Stan Machent

Personal information
- Full name: Stanley Charles Machent
- Date of birth: 23 March 1921
- Place of birth: Chesterfield, England
- Date of death: 17 December 2012 (aged 91)
- Place of death: Brimington, England
- Position: Inside forward

Senior career*
- Years: Team / Apps / (Gls)
- 0000–1938: Chesterfield Ramblers
- 1938–1947: Sheffield United / 22 / (2)
- 1939: → Buxton (loan)
- 1947–1949: Chesterfield / 21 / (7)
- 1949–1951: Buxton
- 1951: Hereford United
- 1951–1954: Buxton
- Total:  / 43 / (9)

= Stan Machent =

English footballer

Stanley Charles Machent (23 March 1921 – 17 December 2012) was an English professional footballer who played as an inside forward in the Football League for Sheffield United and Chesterfield and in non-League football for Buxton and Hereford United.

==Career==
Born in Chesterfield, Derbyshire, Machent left school at the age of fourteen, and was an apprentice builder before he started his career with local side Chesterfield Ramblers. His form for the club alerted Chesterfield and Sheffield United, with Chesterfield offering him professional terms in 1938. However, Sheffield United later offered him a better offer and he signed for the Blades. In October 1939 he was loaned to Buxton, making his debut against Ashton National in a 4–3 win. His early career at the club was cut short due to World War II and he played as a guest player for Chesterfield during the war. He remained with United for nine years, making 22 appearances and scoring twice. In November 1947 he joined Football League Second Division side Chesterfield for £6,000 plus Dick Culshaw. Injury restricted him to just 17 games in his first season for the club, as he twice suffered a broken arm. In the fourth game of the 1948–49 season he suffered a knee injury which kept him out for the rest of the campaign. He was transfer-listed in 1949 and later dropped into non-league football re-joining Cheshire League side Buxton. Whilst at Buxton he was part of the side that reached the third round of the FA Cup in 1951–52, beating Aldershot in the process. In his second season for Buxton he scored an impressive 26 goals in 19 league games. In July 1951 he signed for ambitious Southern League club Hereford United. He struggled to compete for a place in the first team, only making two appearances and he mainly featured for the reserves. He spent three months with the Bulls but left in October 1951 due to travel commitments. He later returned to Buxton where he spent another three seasons.
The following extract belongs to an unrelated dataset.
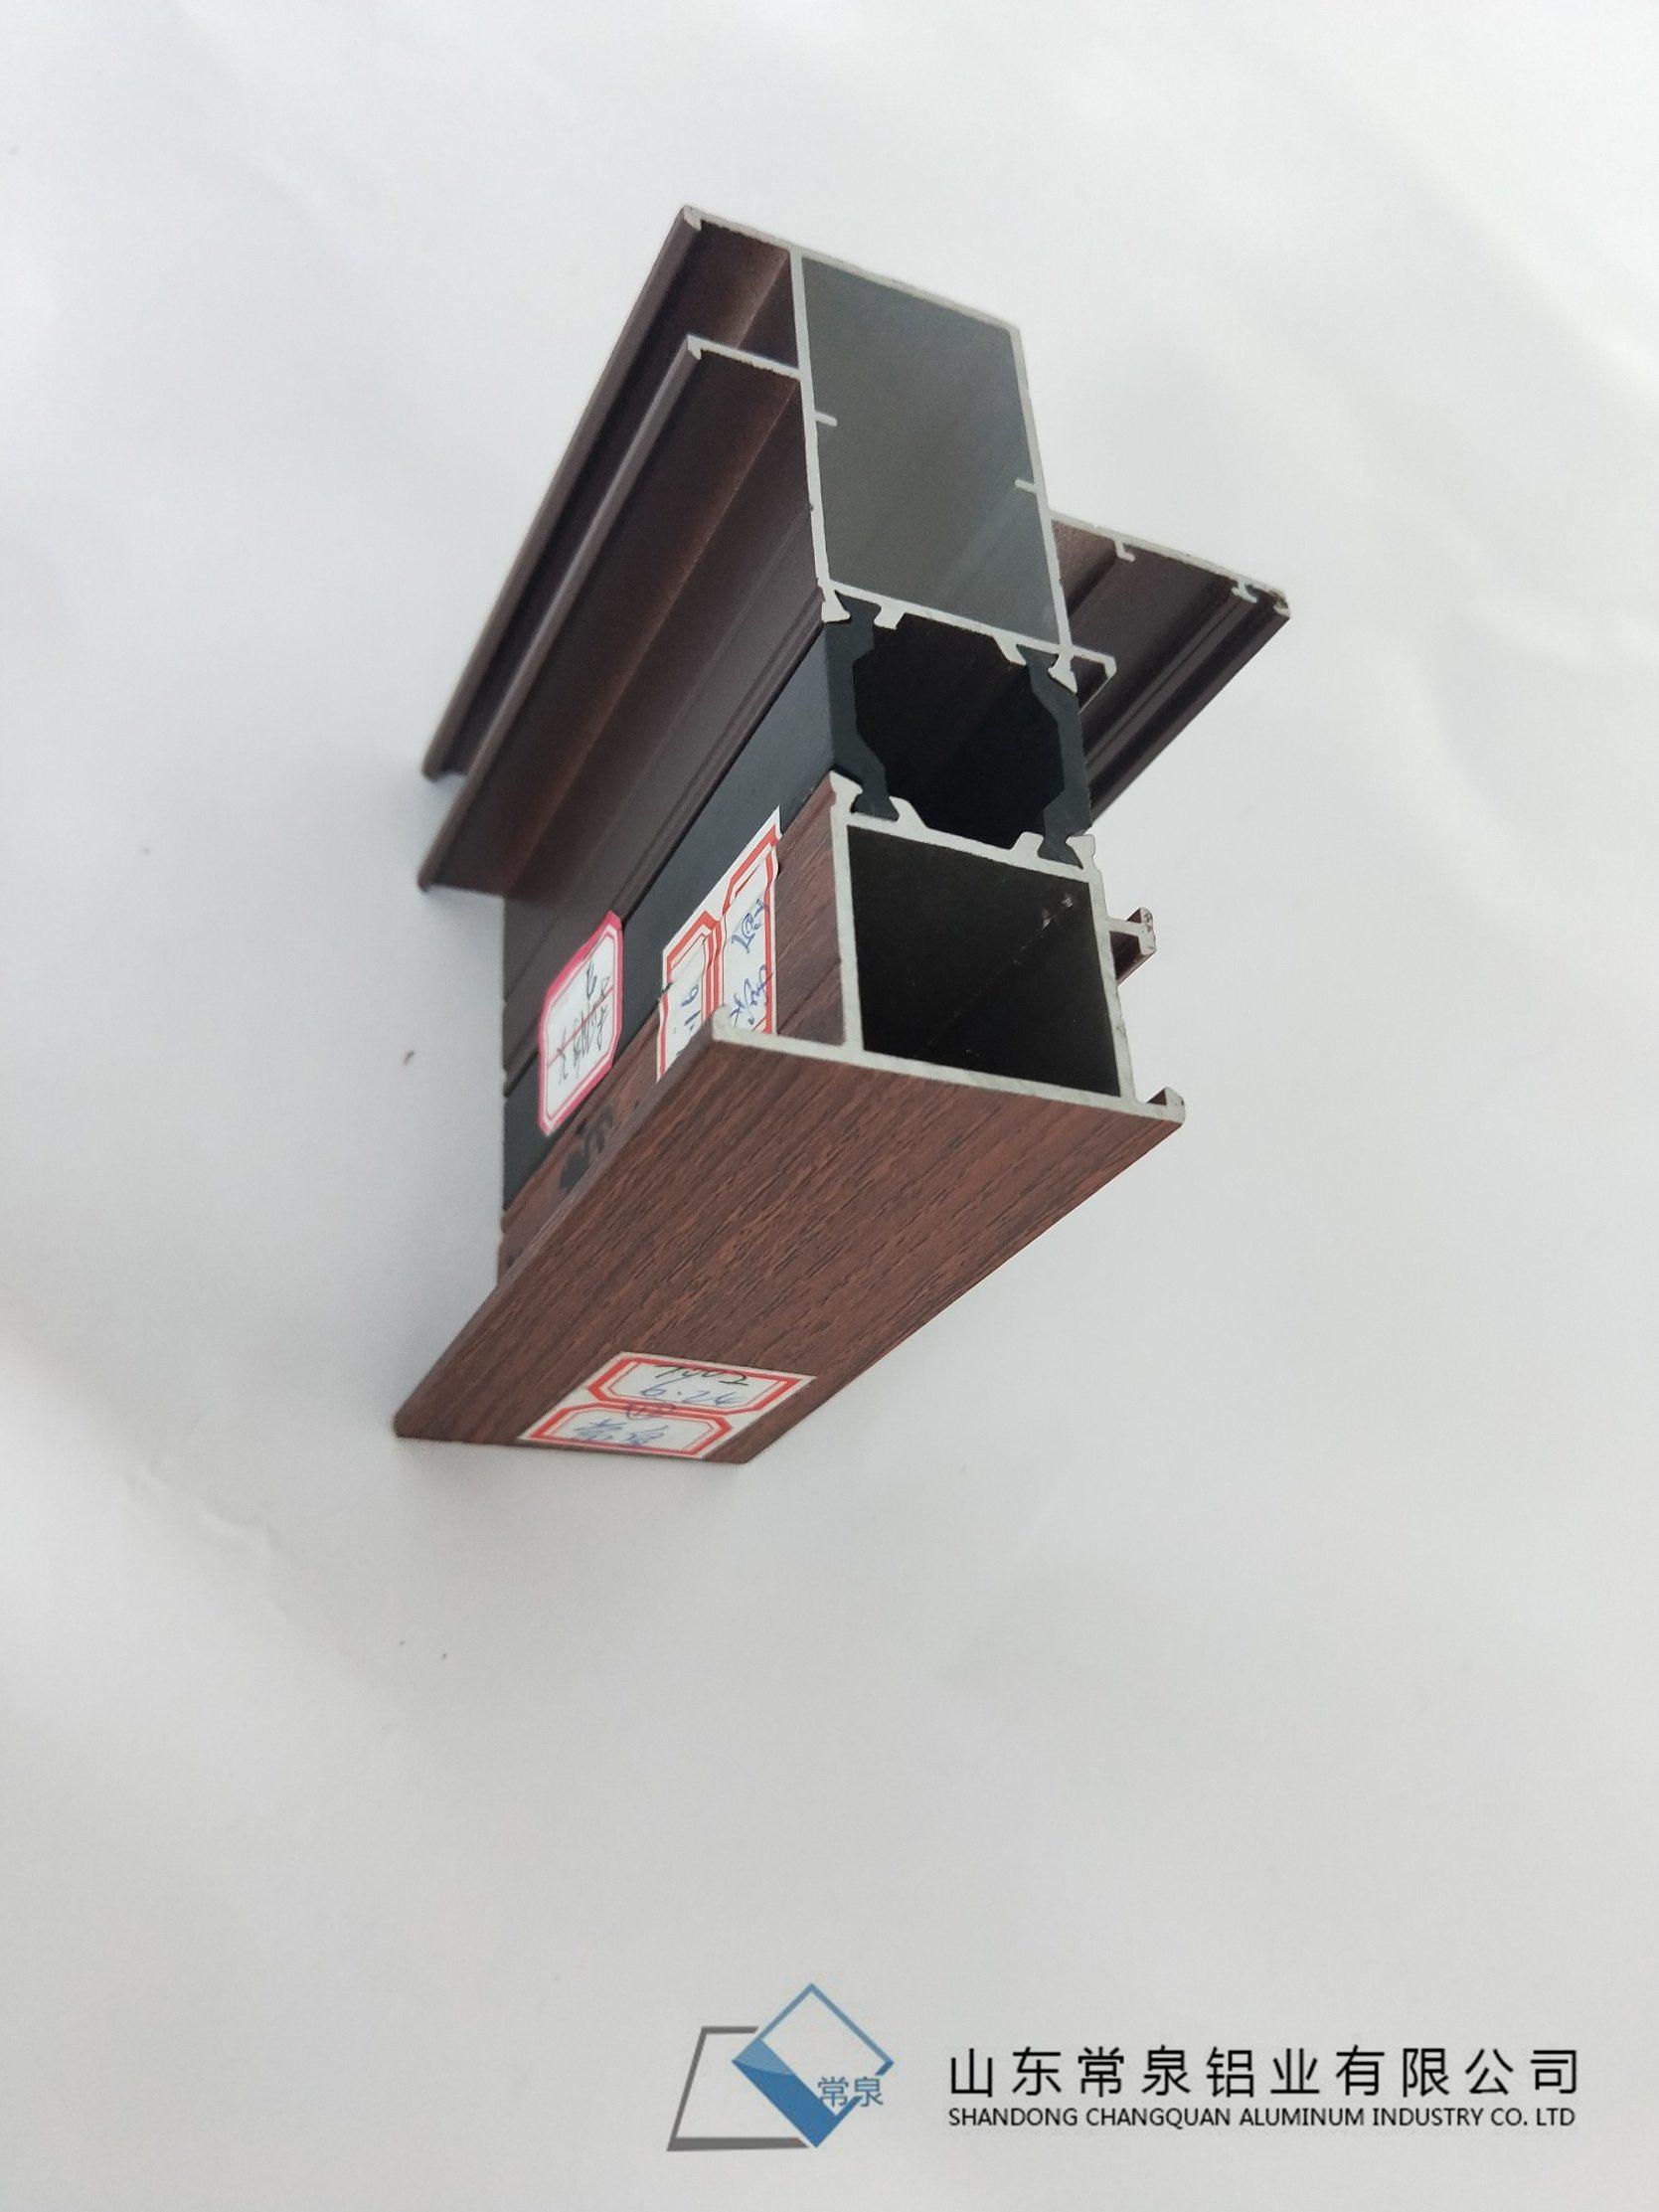 [Hot Item] Aluminium Extrusion 20X60 Alu Extrusion T Slot for CNC Building  Open Source

From 1954 he served as player-coach to Chesterfield's 'A' side that competed in the Yorkshire League, before the team disbanded at the end of the 1954–55 campaign.

==Personal life==
His older brother, Arthur Machent, also played for Chesterfield in the 1930s. During World War II he served in the Royal Air Force as a radio and radar operator with RAF Coastal Command, later becoming a warrant officer with No. 120 Squadron RAF, serving in Canada, Northern Ireland and The Bahamas. After retiring from football he ran a shop in Chesterfield with his wife Vera, and later worked for the National Coal Board, and also as a maintenance joiner for the Derbyshire Health Authority. He died on 17 December 2012 in Brimington, Derbyshire at the age of 91.